17. A method for producing an antibody or an antigen-binding fragment thereof according to any one of claims 1 to 10, comprising: (a) introducing one or more polynucleotides encoding the antibody or antigen-binding fragment into a host cell; (b) culturing the host cell under conditions favorable to the expression of one or more polynucleotides; and (c) optionally isolating the antibody or antigen-binding fragment from the host cell and / or the culture medium in which the host cell is cultured.
18. A method for inhibiting PD-L1-mediated signaling in a subject requiring such inhibition, comprising the step of administering an effective amount of a pharmaceutical composition to the subject, wherein the pharmaceutical composition comprises an anti-PD-L1 antibody or an antigen-binding fragment thereof as described in any one of claims 1 to 10, or a genetically modified cell as described in claim 14, and a pharmaceutically acceptable carrier.

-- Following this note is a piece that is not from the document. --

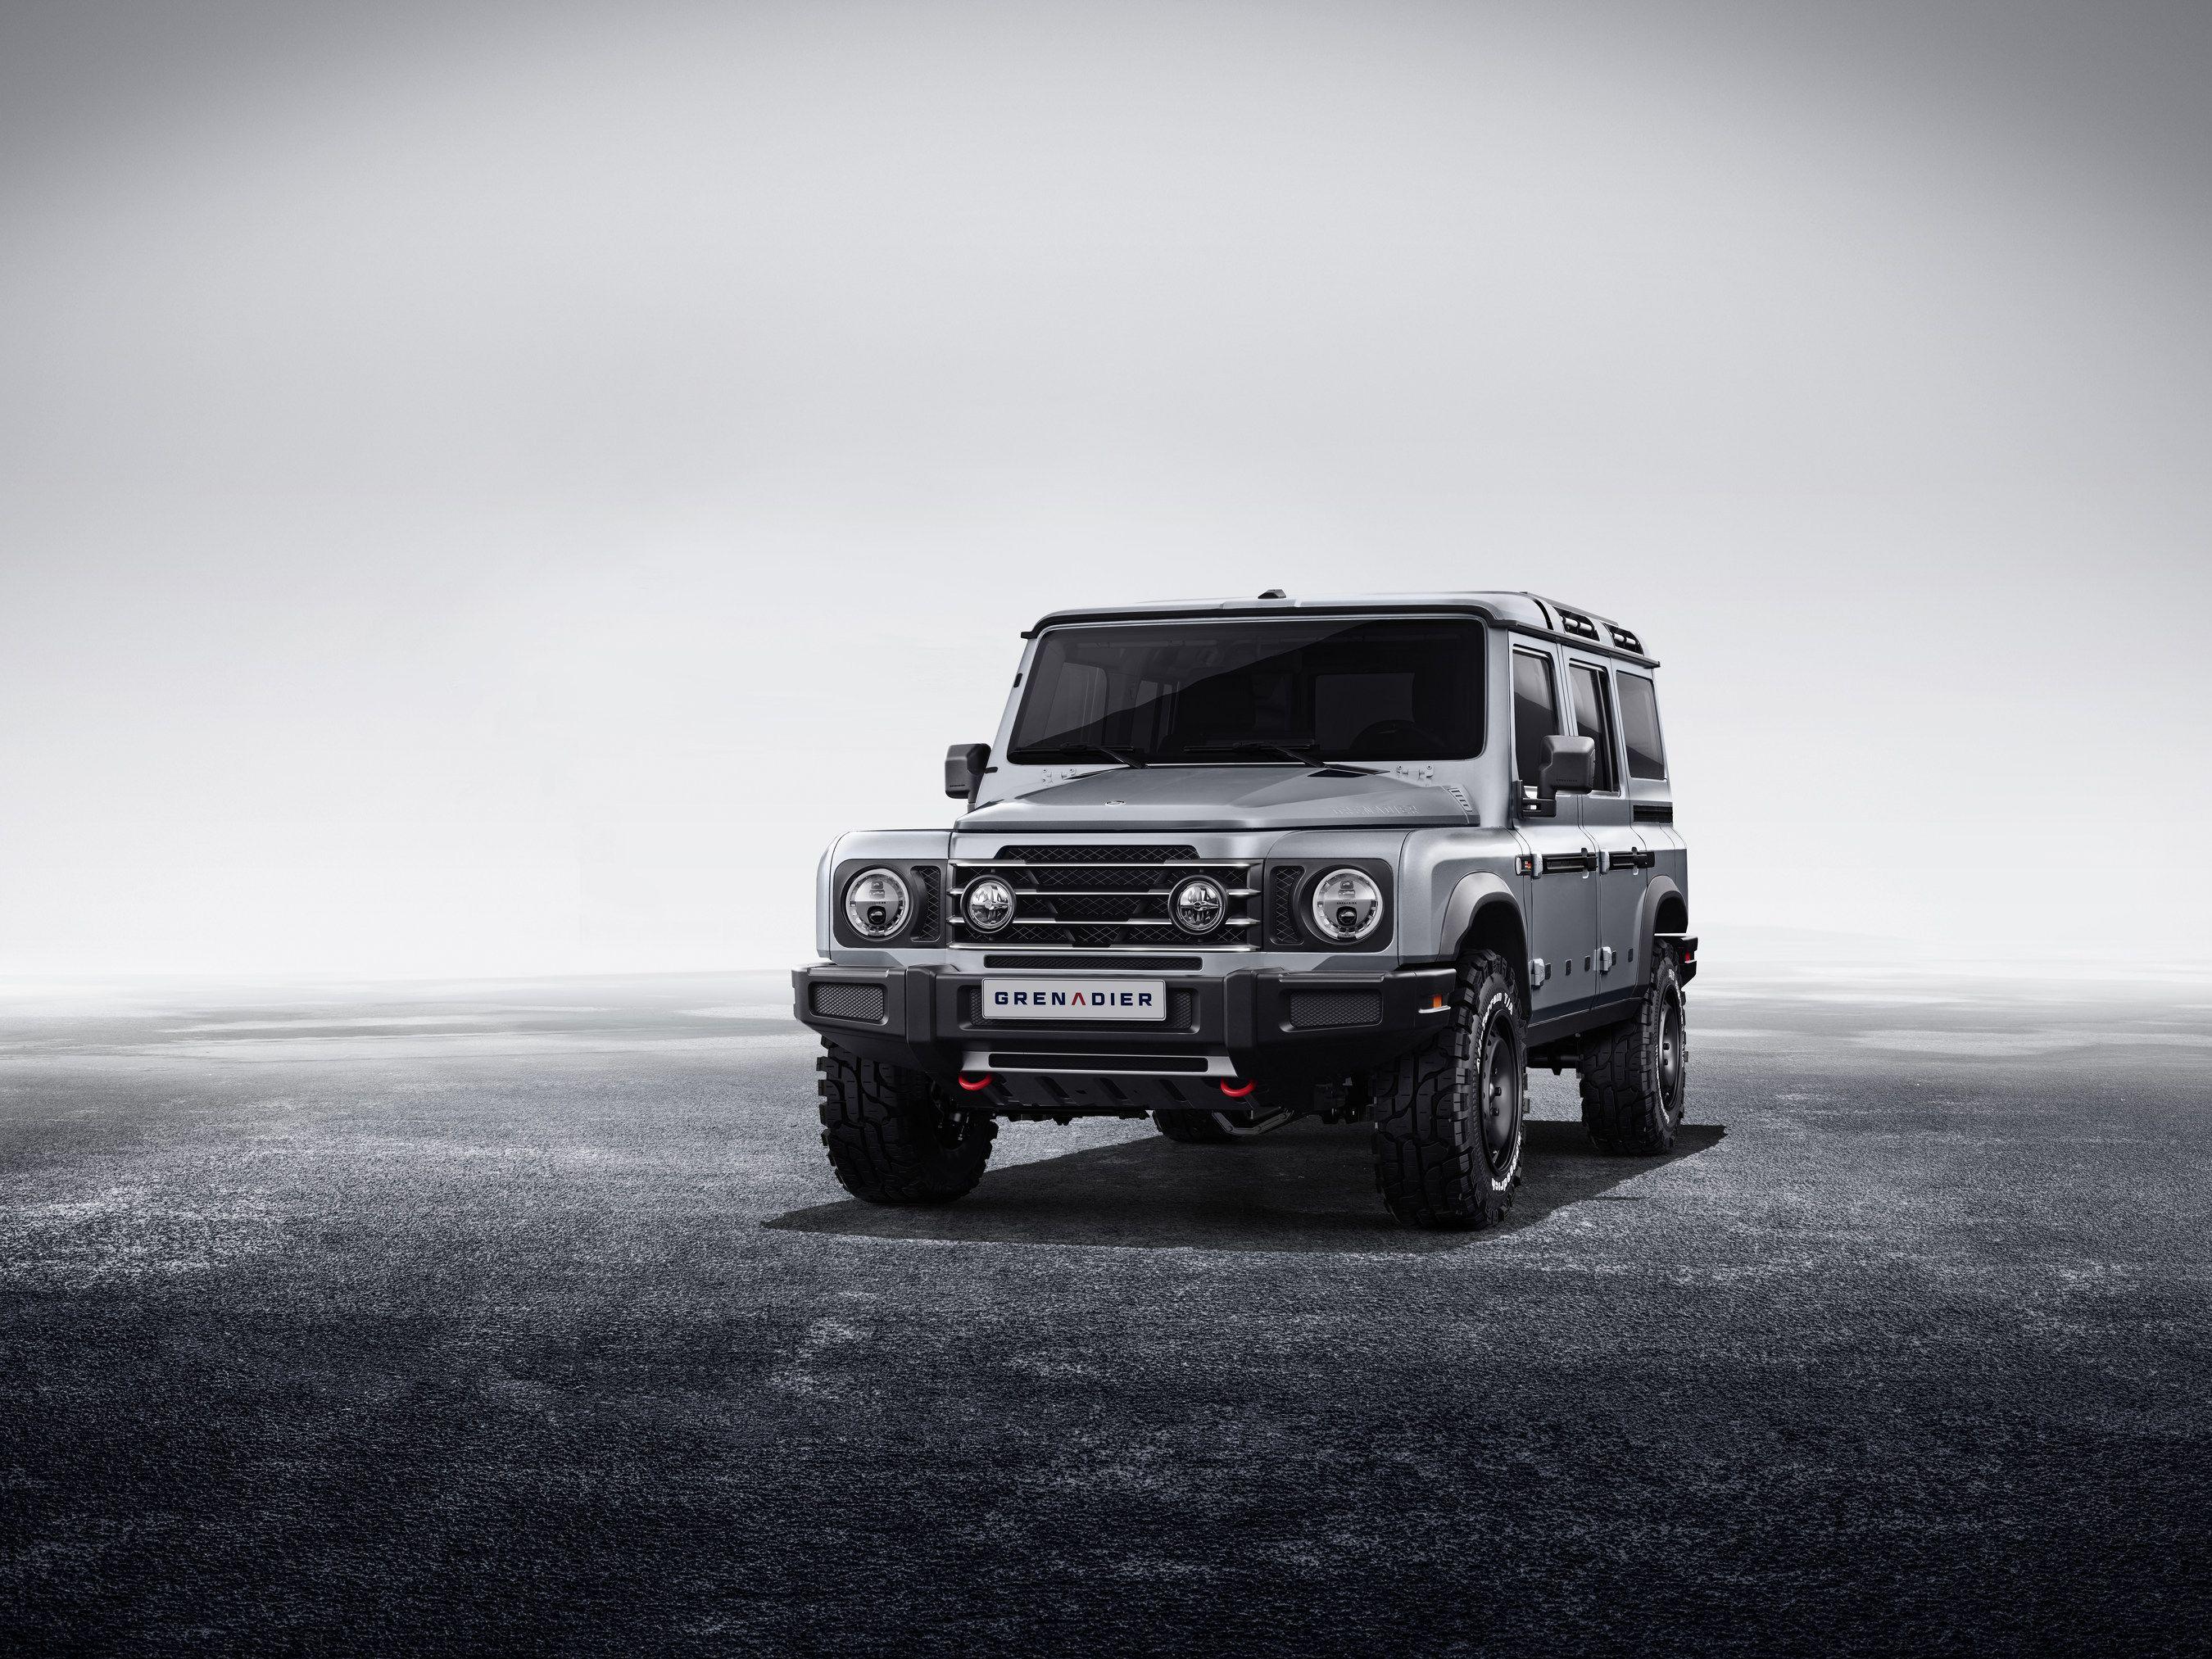 Ineos Grenadier Looks A Lot Like The Old Land Rover Defender And

19. A method for treating a disease mediated by PD-L1 in a subject requiring such treatment, comprising the step of administering an effective amount of a pharmaceutical composition to the subject, wherein the pharmaceutical composition comprises an anti-PD-L1 antibody or an antigen-binding fragment thereof as described in any one of claims 1 to 10, or a genetically modified cell as described in claim 14, and a pharmaceutically acceptable carrier.

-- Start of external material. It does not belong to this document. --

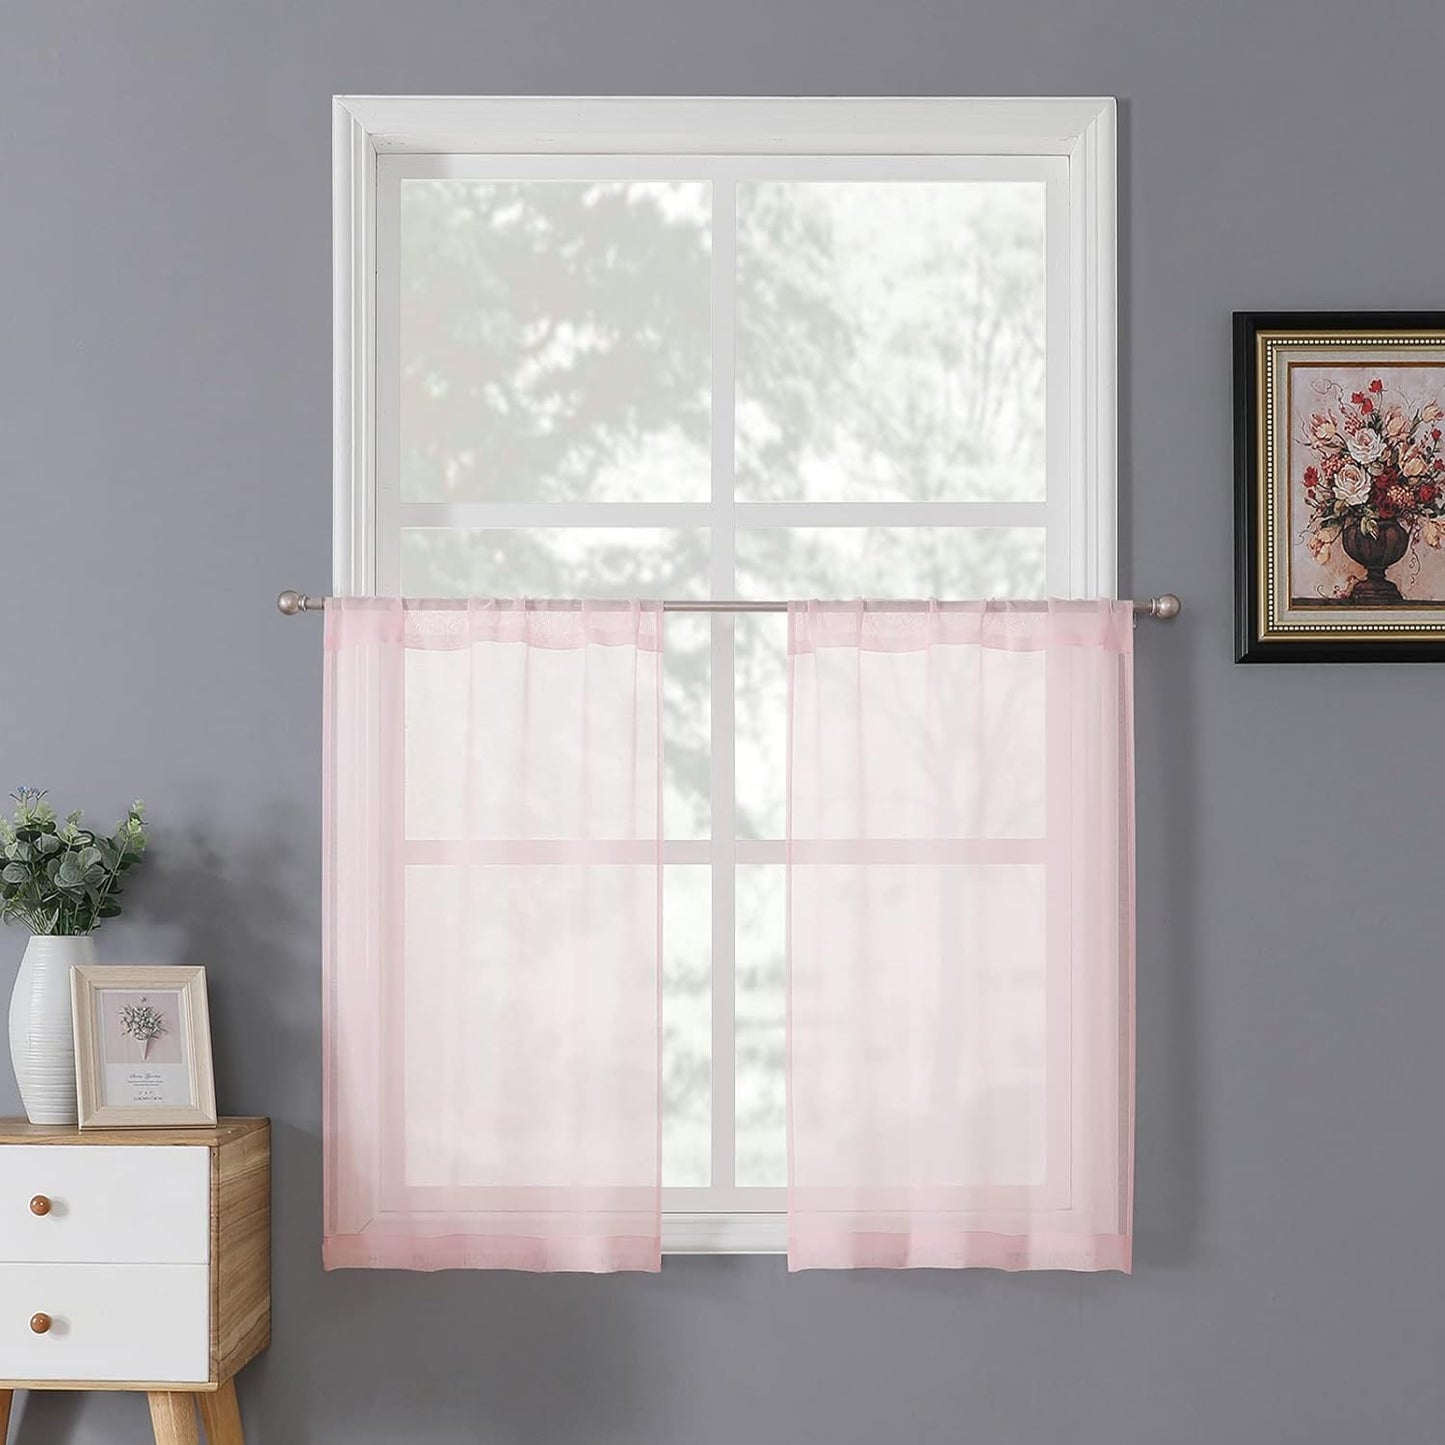 Tollpiz Short Sheer Curtains Linen Textured Bedroom Curtain Sheers Light Filtering Rod Pocket Voile Curtains for Living Room, 54 X 45 Inches Long, White, Set of 2 Panels  Tollpiz Tex Pink 25"W X 24"L

20. The method according to claim 19, wherein the disease is cancer.
21. The method according to claim 19, wherein the disease is lung cancer, breast cancer, prostate cancer, colorectal cancer, stomach cancer, hepatocellular carcinoma, renal cell carcinoma, testicular cancer, melanoma, leukemia, or papillary thyroid carcinoma.
22. A method for detecting PD-L1 expression, comprising the step of contacting a sample with an anti-PD-L1 antibody or an antigen-binding fragment thereof according to any one of claims 1 to 10.